Hanna did not think bird song any particular loss. Jude had forgotten how hateful birds were to her when she was small. Then she had spent days wandering about fields clapping pieces of board to scare them off.
“I don’t want to read books.”
“Well, what do you want?” Jude asked.
“I want a house like Mrs Warren. And green chairs. And a white dress with red flowers and red ribbons and little pink shoes. And a big glass over the fire. And chairs with little thin legs.” She went on to give an inventory of the front room at the Warren’s and Molly Warren’s dress.
“Well then, Miss,” said Jude. “You will need to find yourself a husband like Mr Warren to buy them for you, because you won’t get chairs like Mrs Warren’s standing the market.”
Summer 1788
I sometimes wonder what my life would be like if I had never learned to read and write. I cannot remember what it was like when I could not. As I see it, to teach all people to have this skill would not be difficult to arrange.
Something Fred Warren said has been going round in my head.
If little children were given no more than half an hour each day, the accumulation of learning in a year should be enough to let everyone have the elements of reading and writing by the time they were adult.
There could be people like myself who could teach village children just the way Gilly was taught. Some schools have been set up, but what is needed is fir it to be properly organised.
I can see no objection to it. If every squire in every village gave the cost of the keep of one hunter, and the church let the vestry or some such be used, then in one generation every person could learn to read.
The more I think of it, the more possible my scheme appears to be.

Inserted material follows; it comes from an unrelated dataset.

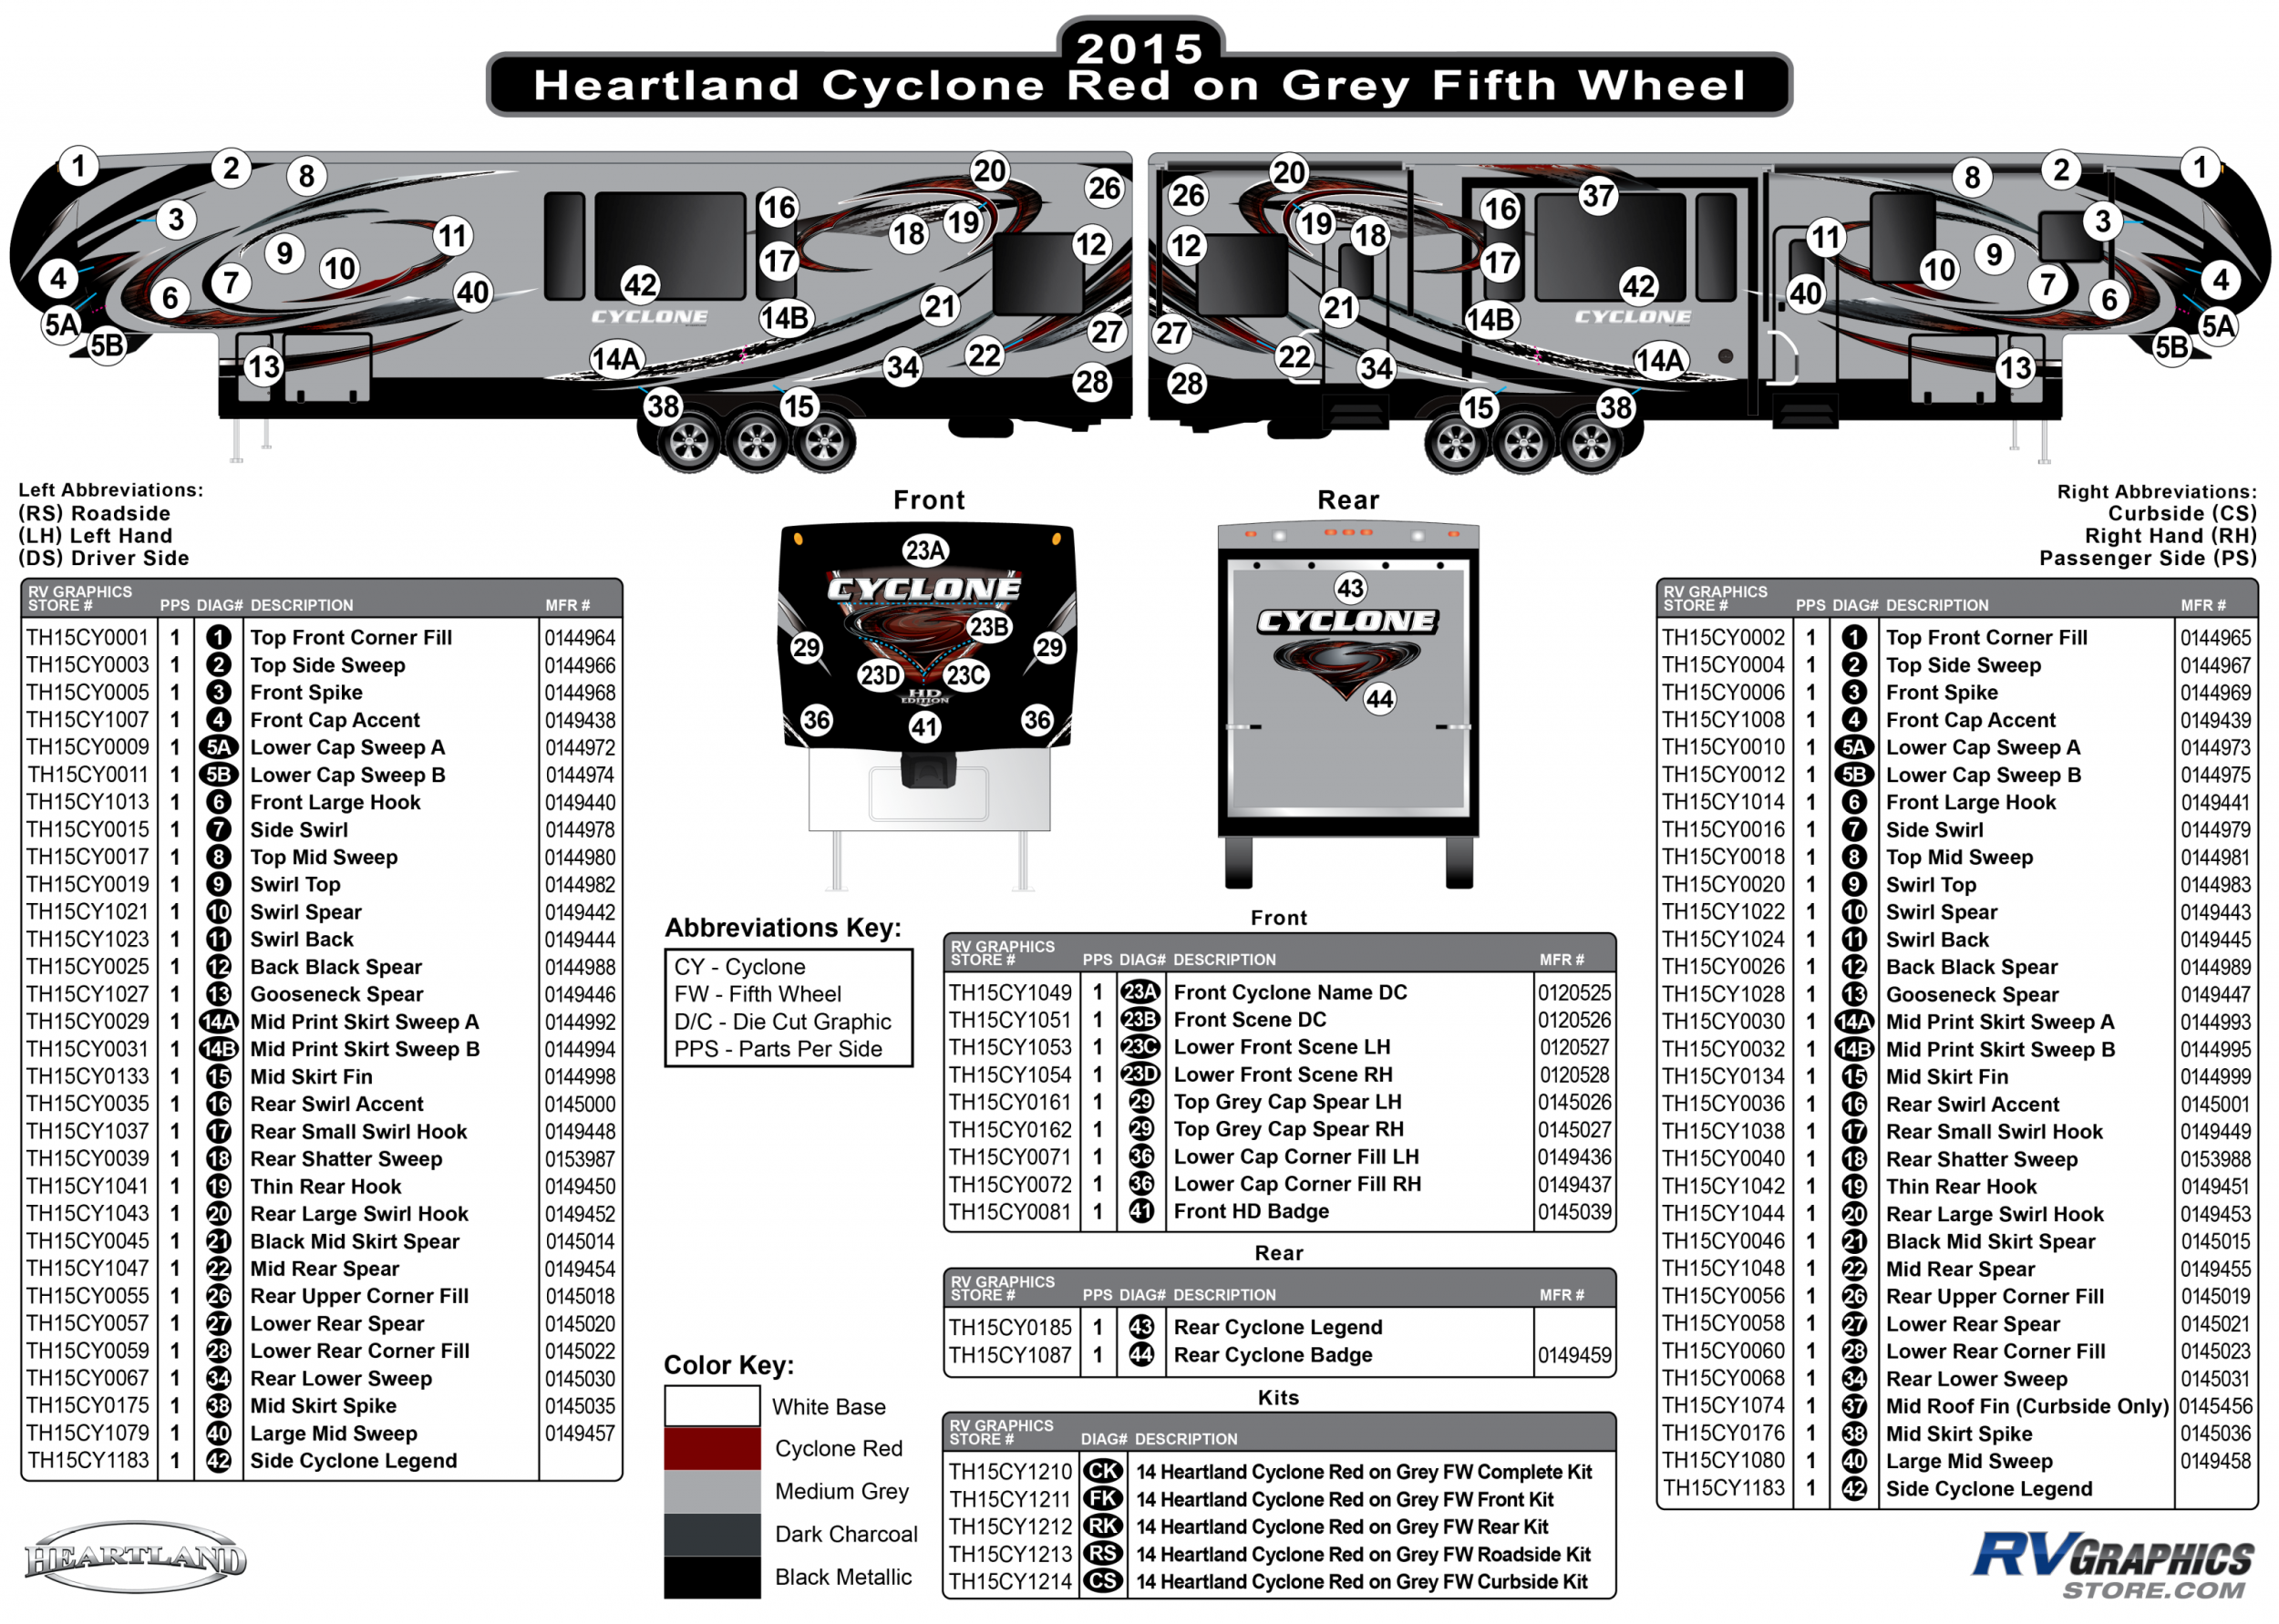 Cyclone - 2015 Cyclone FW-Fifth Wheel Red on Gray
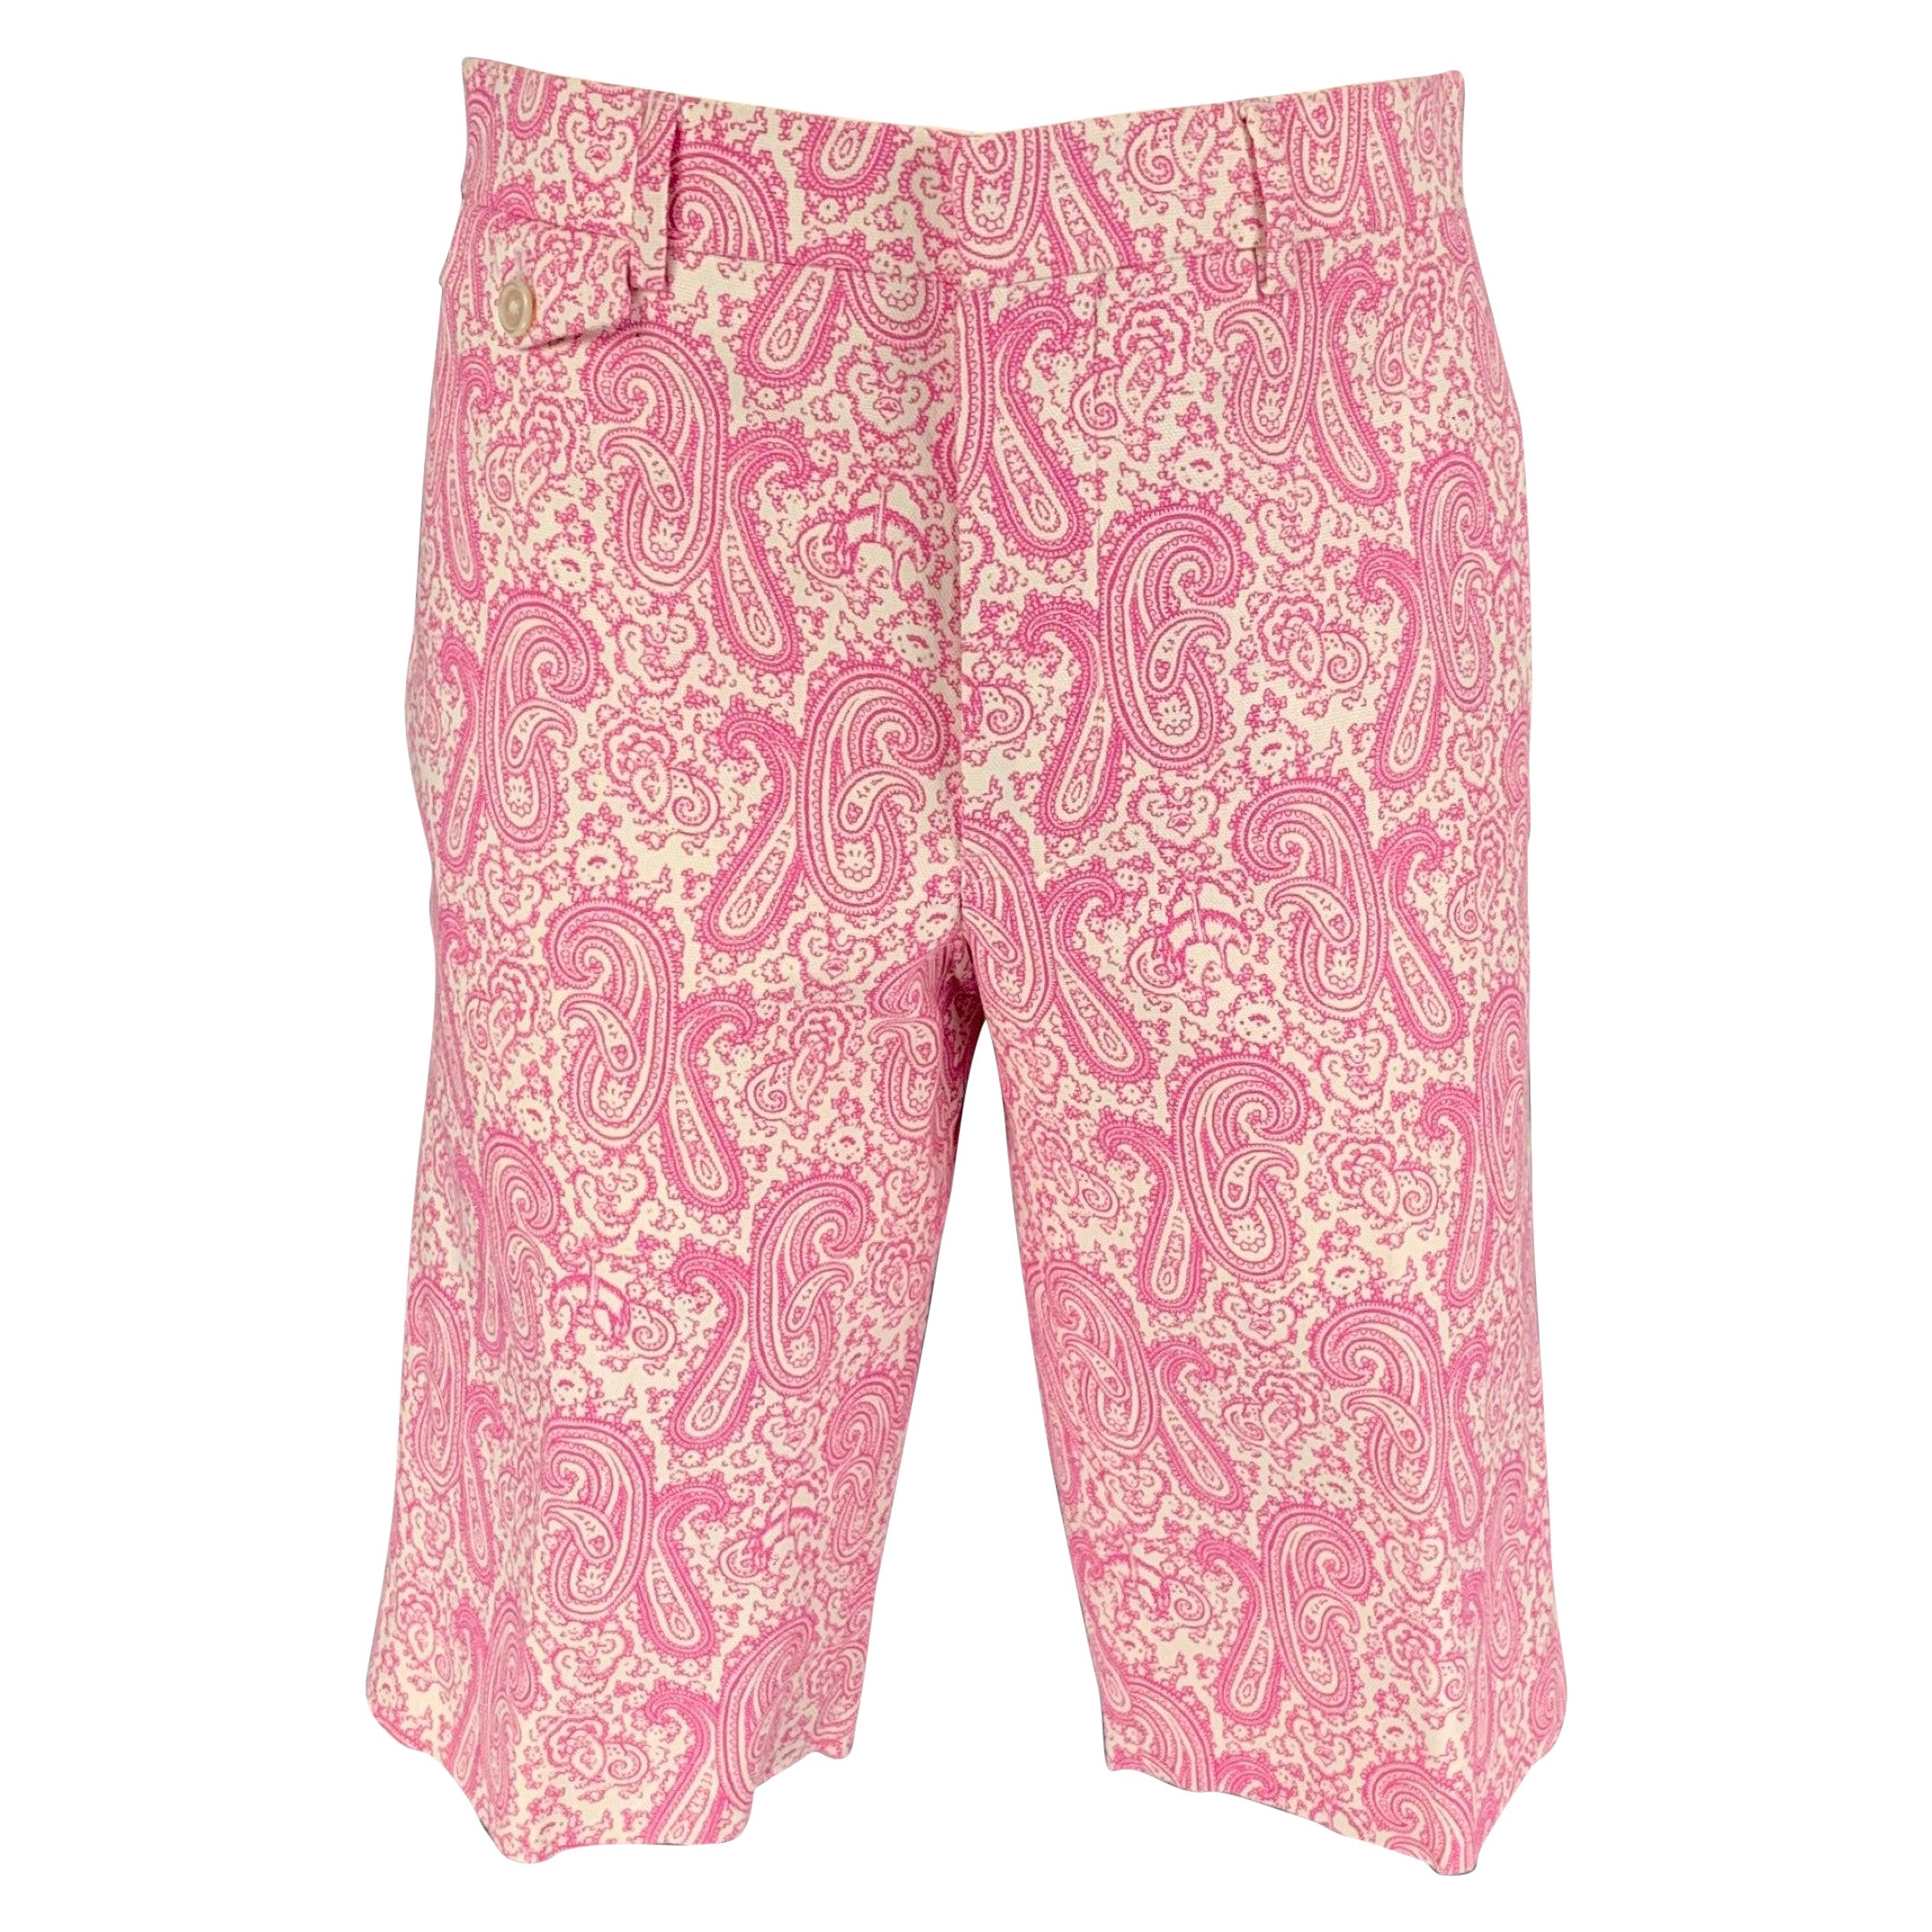 BLACK FLEECE Size 28 Pink White Paisley Cotton Zip Fly Shorts For Sale

There will be children like Hanna who dislike the work of learning something they think is useless. This means that perhaps it could only be done by imposing it on them. Yet that does not seem to be the way. It ought to be done as it was with me and Fred – joy of it on both sides.
However, that is but a detail which can be overcome.
Judeth Nugent
Before Fred Warren left Croud Cantle, he and Jude arranged to go to Park Manor together to look at Young Harry’s library. So, on next Blackbrook market day, Fred walked back with them. He led his horse with Hanna in the saddle. She was sulky when Fred and Jude went up to the House without her, but could always be cheered up by a treat of food, and Bella said she thought she had seen ripe raspberries under the nets.